И пока всхлипывающая, гуще и слаще обычного пахнущая потом Фейгензон, сжатая между отцом и матерью, тряслась в тамбуре заплеванной электрички, в палатке Марь Иванны, отлучившейся на станцию в телефон-автомат, произошел разговор между хмурым Орловым и маленькой взволнованной Чернецкой. Чернецкая сидела, как обычно, на раскладушке, поджав полные ноги с серебристыми ноготками, источала аромат немецкого шампуня изнутри своих распущенных каштановых волос, а Орлов полулежал на земляном полу, гладил ее колено сильными мужскими пальцами и снизу вверх смотрел на ее острый подбородок и перламутровую в полутьме шею своими жадными и жесткими глазами.
— Я тебя хотел спросить, — вдруг сказал он и сжал ее мизинец, — у тебя все в порядке по вашим, ну, по женским делам?

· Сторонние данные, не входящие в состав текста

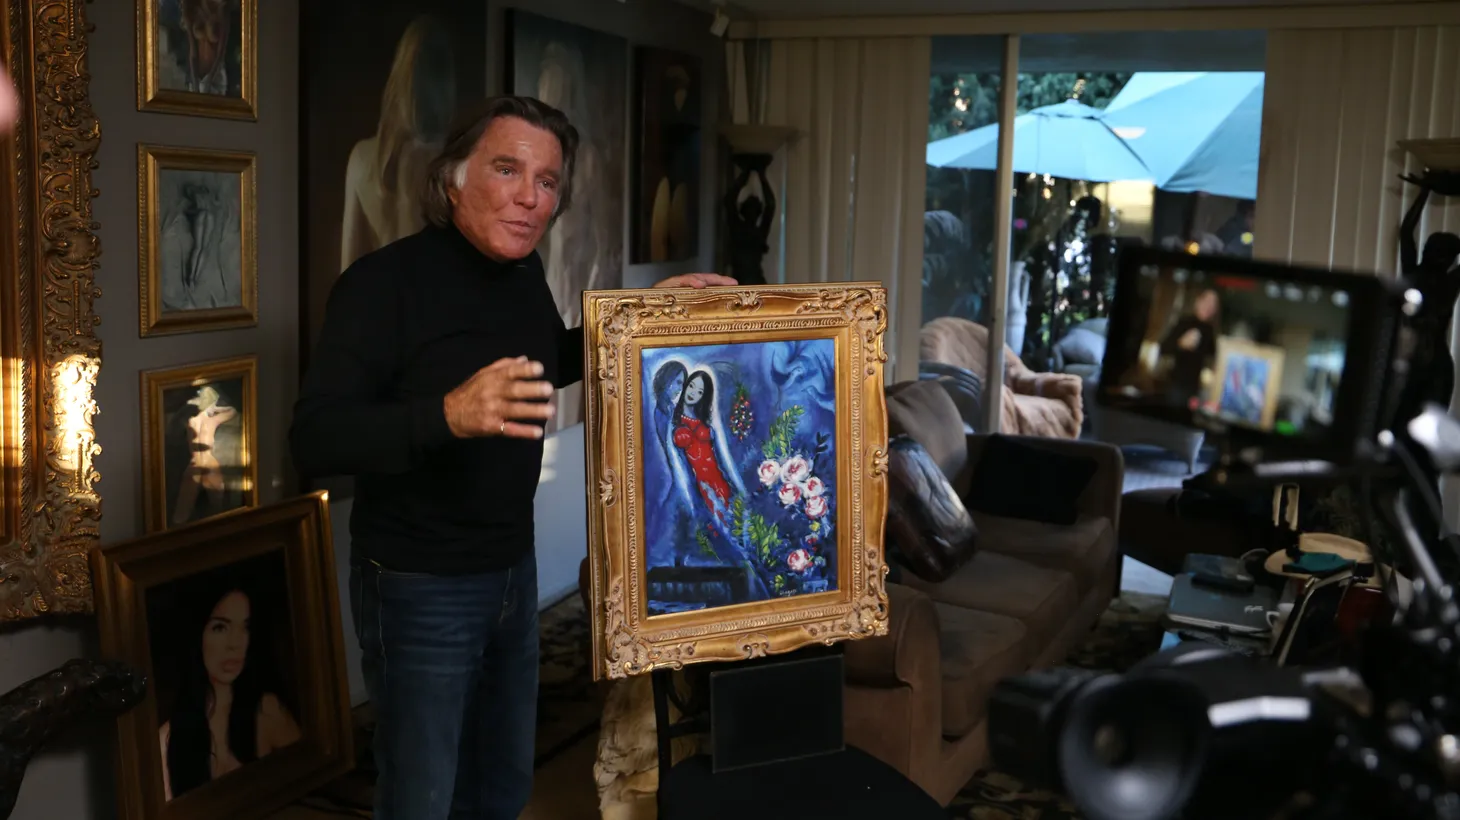 Tony Tetro has made thousands of high-quality forgeries of famous artists' work. He poses here with a Chagall imitation entitled “Fernanda and Me.”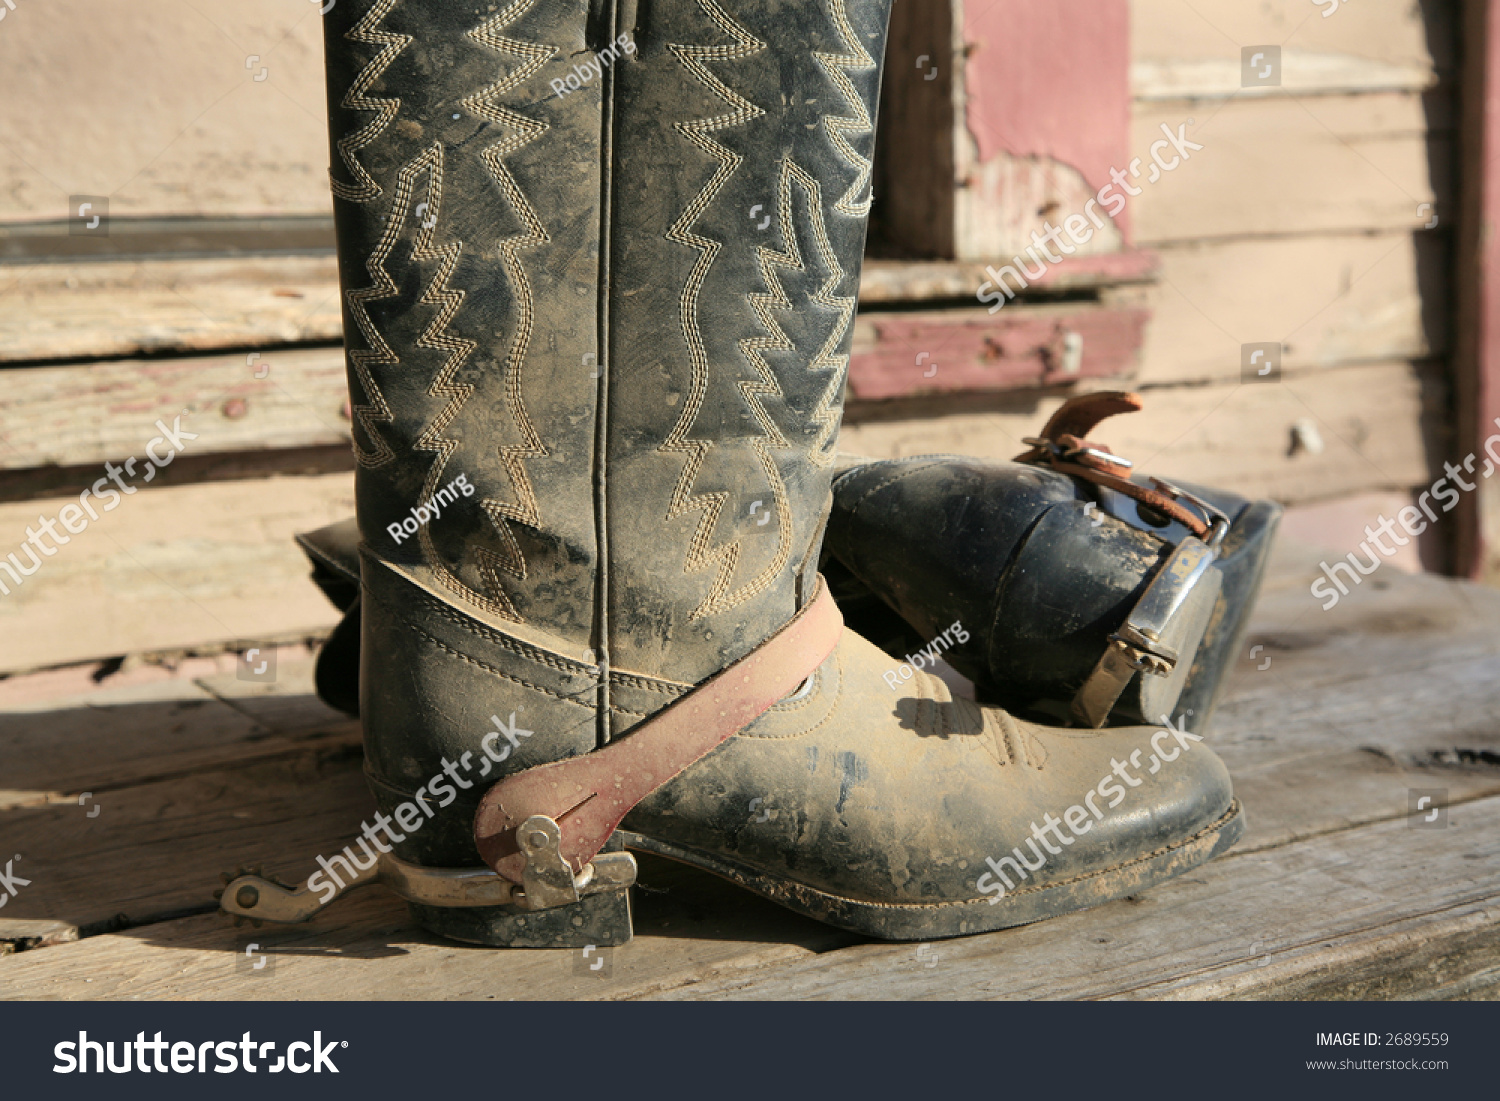 Old Dirty Cowboy Boots With Spurs On Rustic Front Porch Stock Photo ...

Чернецкая вспыхнула. Она поняла, что он имеет в виду, и сердце ее заколотилось от той близости, которая была между ними.
— Я пока не знаю, — опустив трепещущие ресницы так, что с каждой стороны закрылось полщеки, прошептала Чернецкая, — жду.
— Слушай, — сказал Орлов, — мы поженимся с тобой сразу, как кончим школу.
— А если тебя в армию заберут? — спросила Чернецкая.
— Идиотов нет, — ответил Орлов, — в армию идут одни идиоты.
Чернецкая удивилась. Она росла в доме, где на подобные темы не разговаривали, и поэтому верила тому, чему учили школа, радио и телевизор.
— Как это?
— Ты что, не понимаешь? — спросил Орлов. — Очень мне нужно, чтобы меня, как осла, в армию запрягли. У меня ведь одна жизнь.
Чернецкая широко раскрыла глаза. Орлов усмехнулся и поцеловал ее теплое, гладкое колено.
— Но надо же защищать Родину, — звонким, как на собрании, голосом воскликнула Чернецкая. — От врагов! Ты же обязан!
— «Обязан»! — передразнил Орлов. — Никому я ничего не обязан. Я, может, в Бога верю, мне нельзя в армию идти.
Чернецкая в ужасе прижала к щекам ладони.